---
name: rof-data-analysis
description: Use when auditing Review of Finance empirical or theoretical analysis: sample construction, identification, asset-pricing tests, corporate-finance variables, robustness, code reproducibility, and evidence that can satisfy top-three-finance-journal standards.
---

# Review of Finance Data Analysis

Use this when the finance result is not yet credible enough for RoF. Reopen the current
author guidelines and code-sharing policy before final submission.

## Audit

- Map every finance claim to a table, figure, model result, identification test, or
  robustness check.
- For empirical work, document sample construction, variable definitions, filters, winsorizing
  or trimming, identifiers, timing, and economic magnitudes.
- For theory work, connect assumptions to equilibrium, comparative statics, or pricing
  implications that a broad finance audience can evaluate.
- Use strong benchmarks: standard asset-pricing factors, corporate-finance controls, market
  microstructure alternatives, or banking/household-finance baselines as relevant.
- Prepare code and data documentation early; RoF publication is conditional on receiving
  replication programs when the policy applies.
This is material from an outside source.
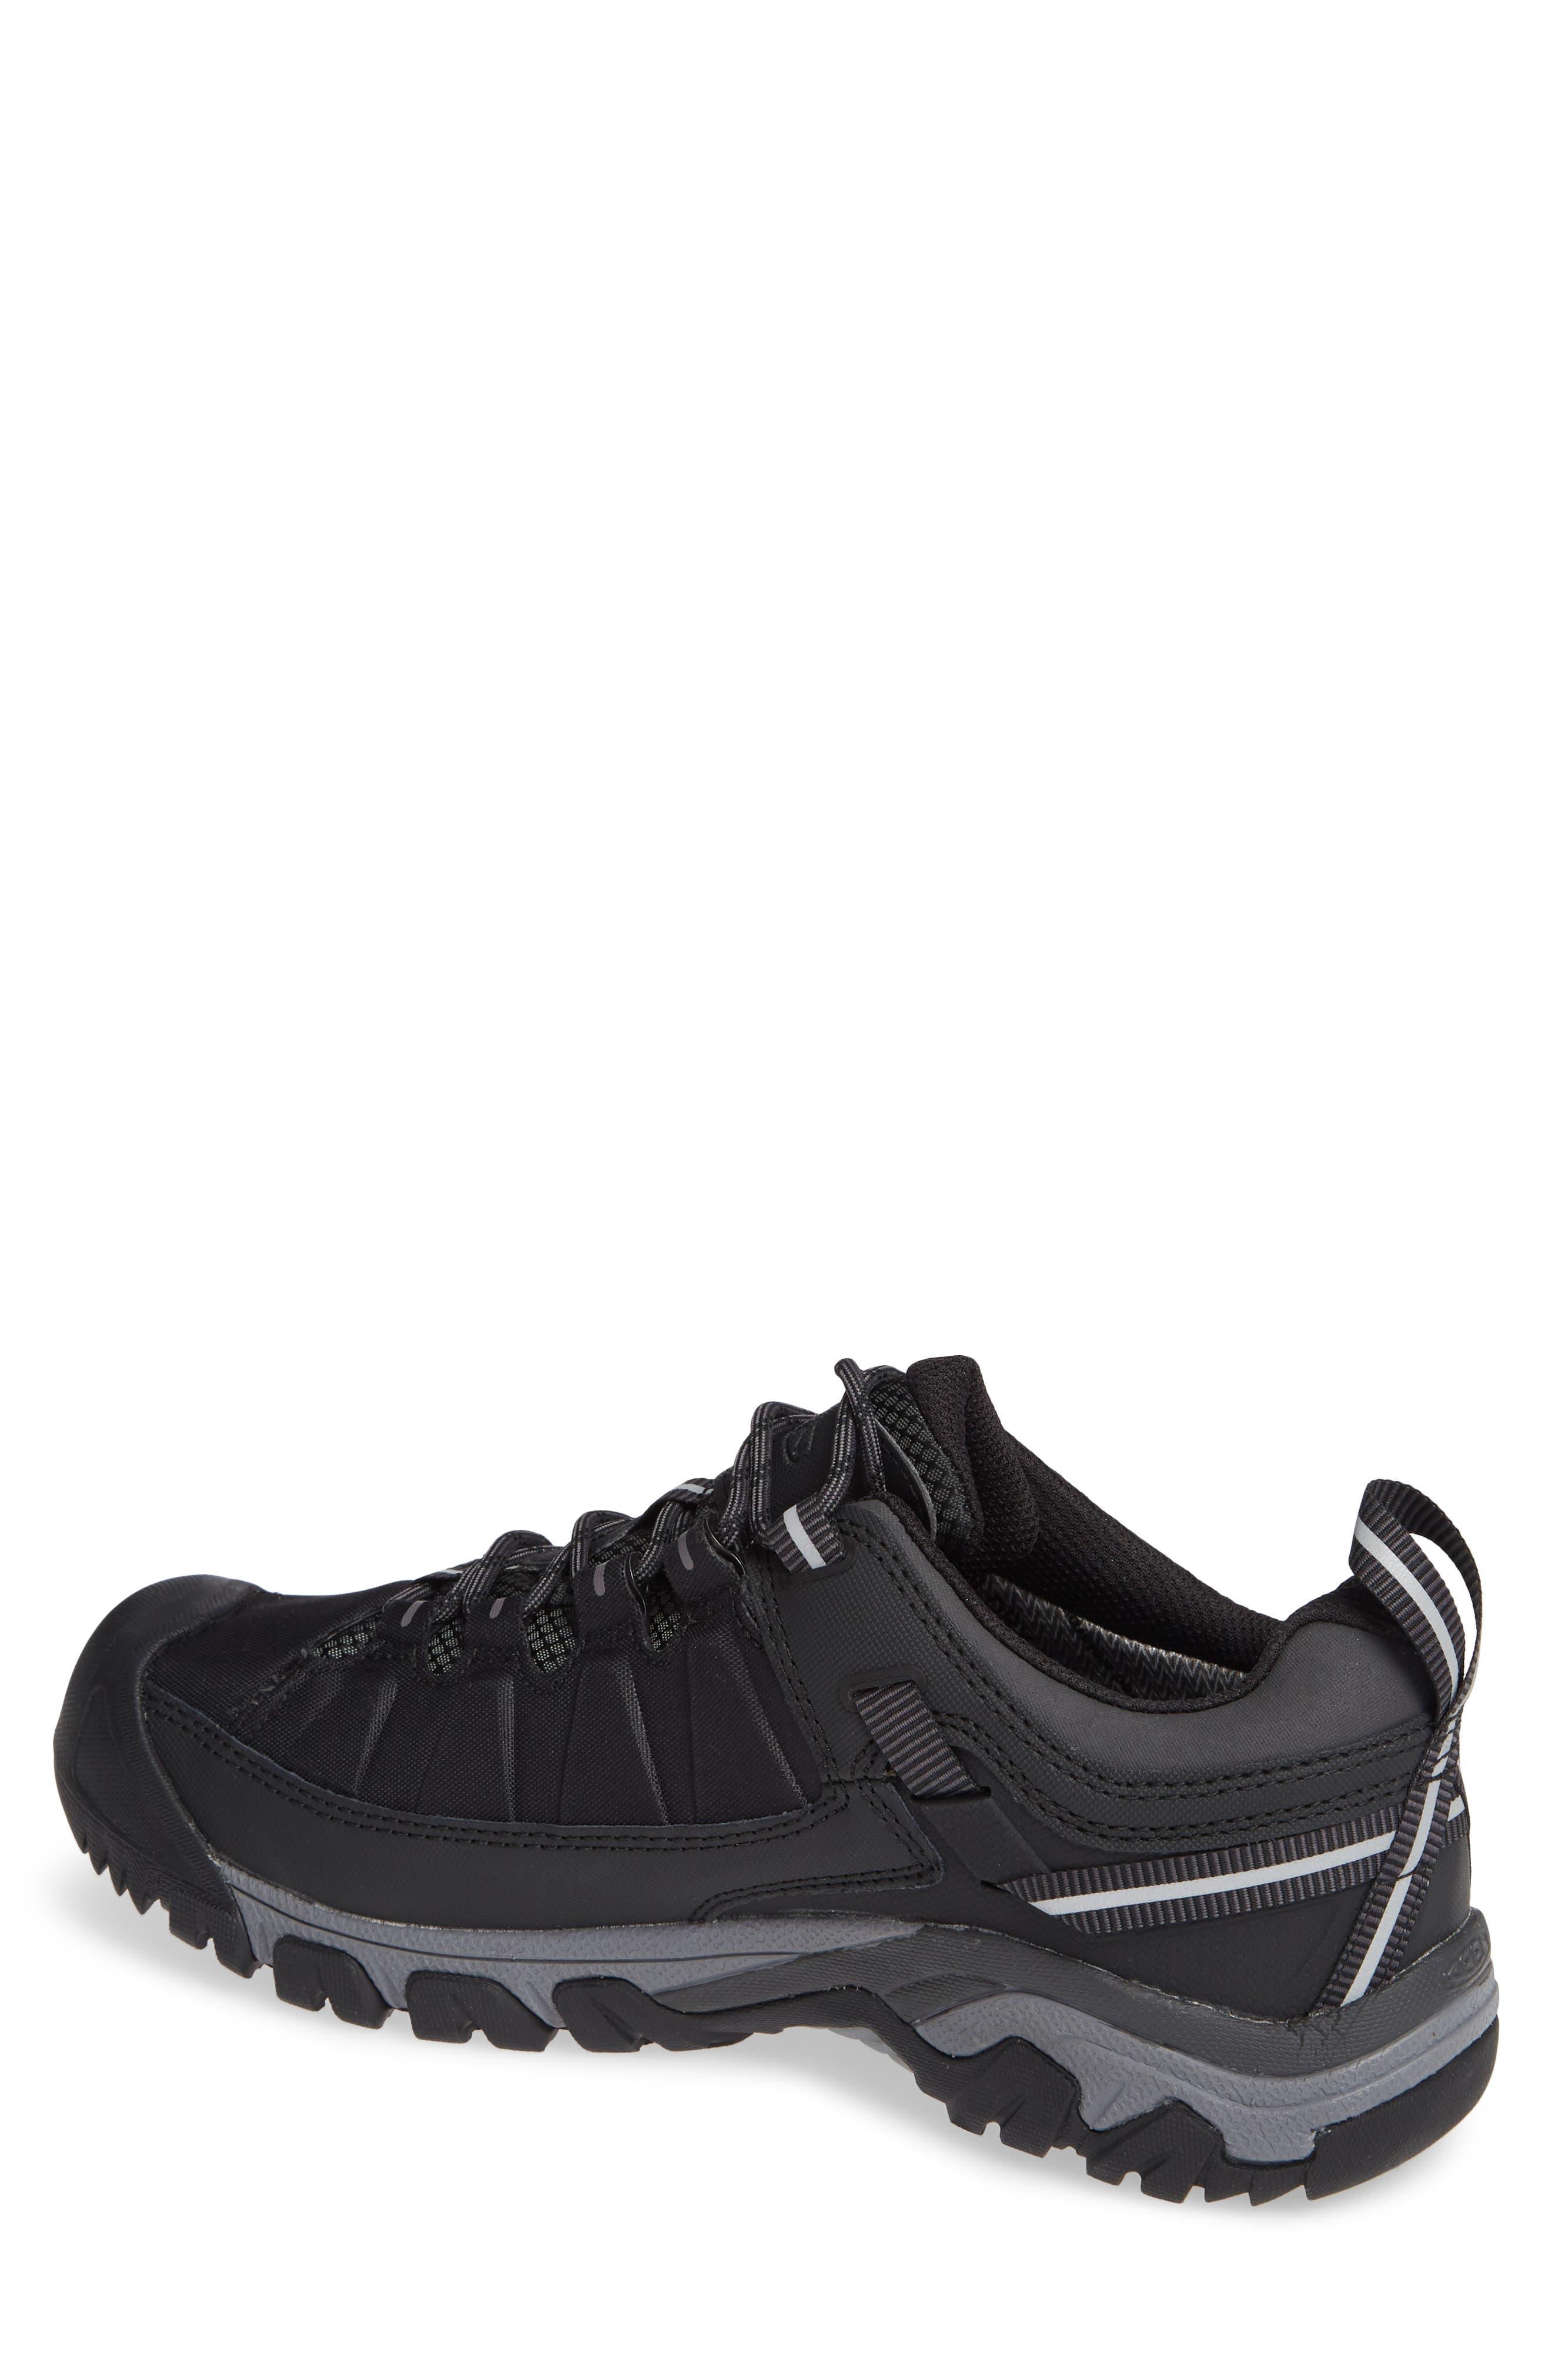 Targhee EXP Waterproof Hiking Shoe,                             Alternate thumbnail 2, color,                             BLACK/ STEEL GREY
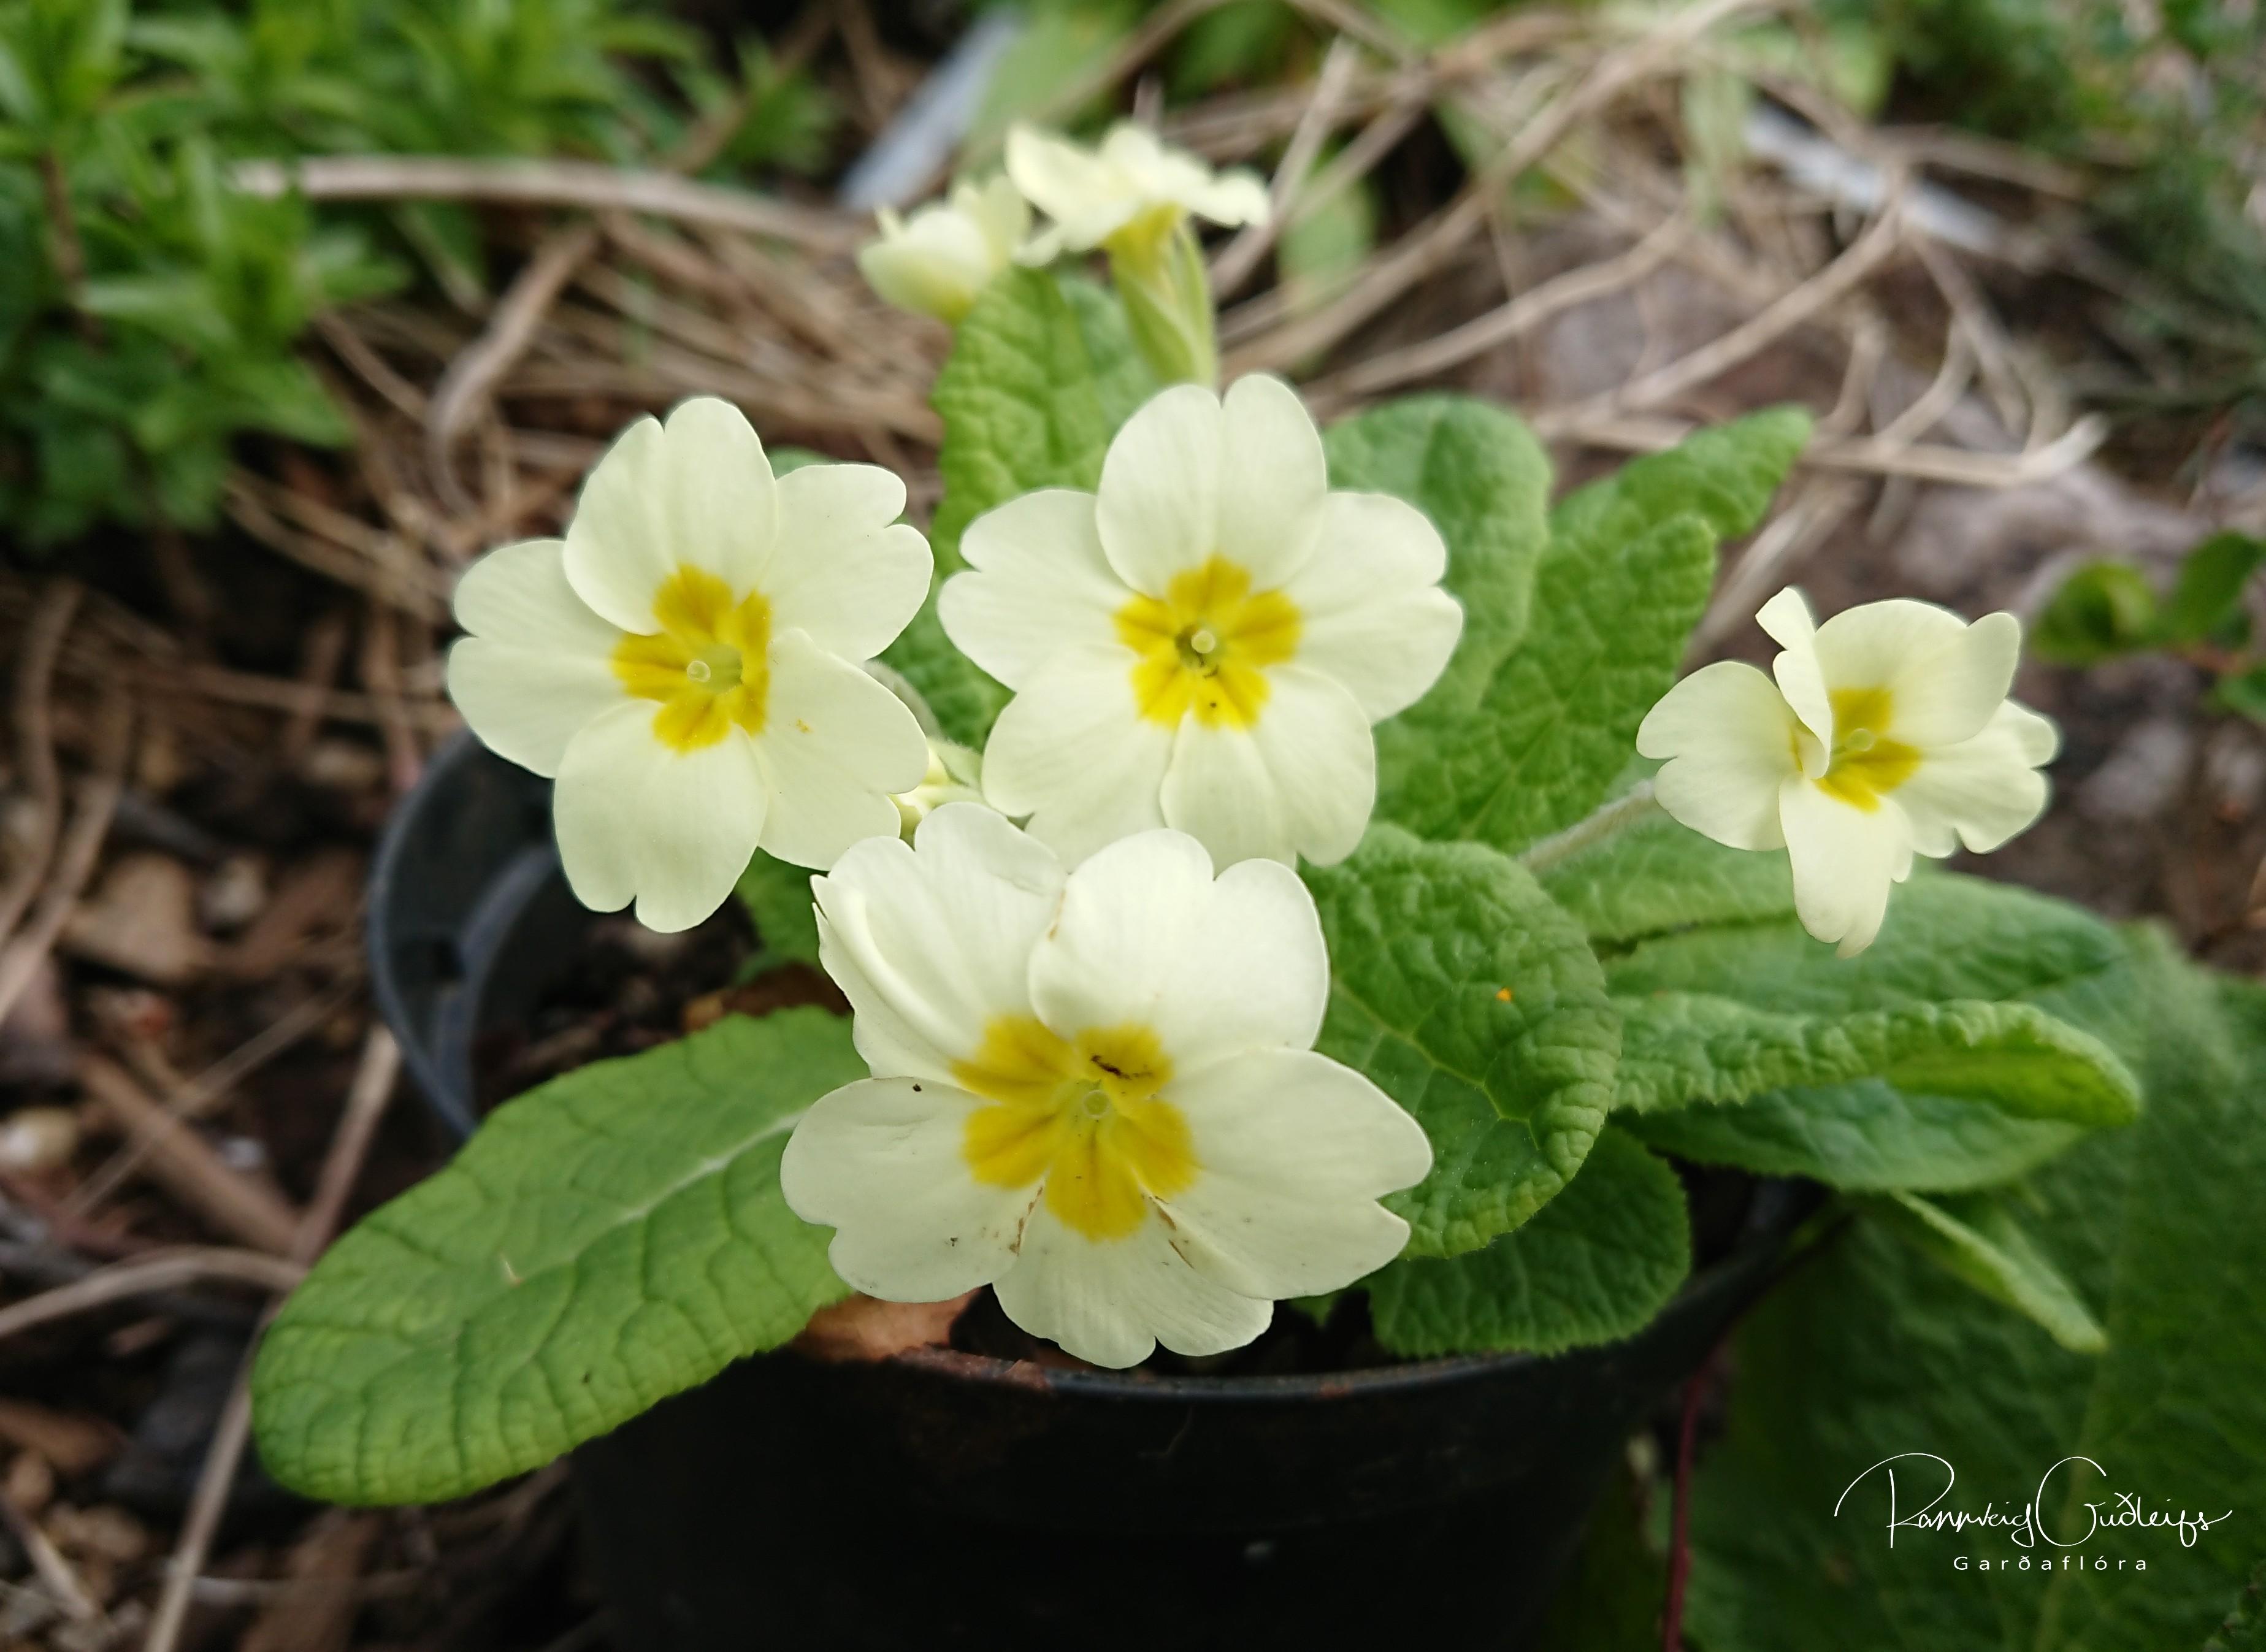 Primula vulgaris

## Finance-result stress test

For each headline result, record:

```text
Result | Economic magnitude | Identification/model threat | Benchmark | Replication file
```

Then ask whether the claim would survive a top-three-finance referee:

- Does the magnitude matter economically, not only statistically?
- Is the benchmark the right one for asset pricing, corporate finance, banking, household finance, or
  market microstructure?
- Are timing, sample filters, and variable construction strong enough to rule out mechanical effects?
- For theory, do assumptions generate finance implications rather than only mathematical existence?
- Can the code package reproduce the exact result and the robustness check that protects it?

If the answer is weak, repair the analysis before rewriting the introduction.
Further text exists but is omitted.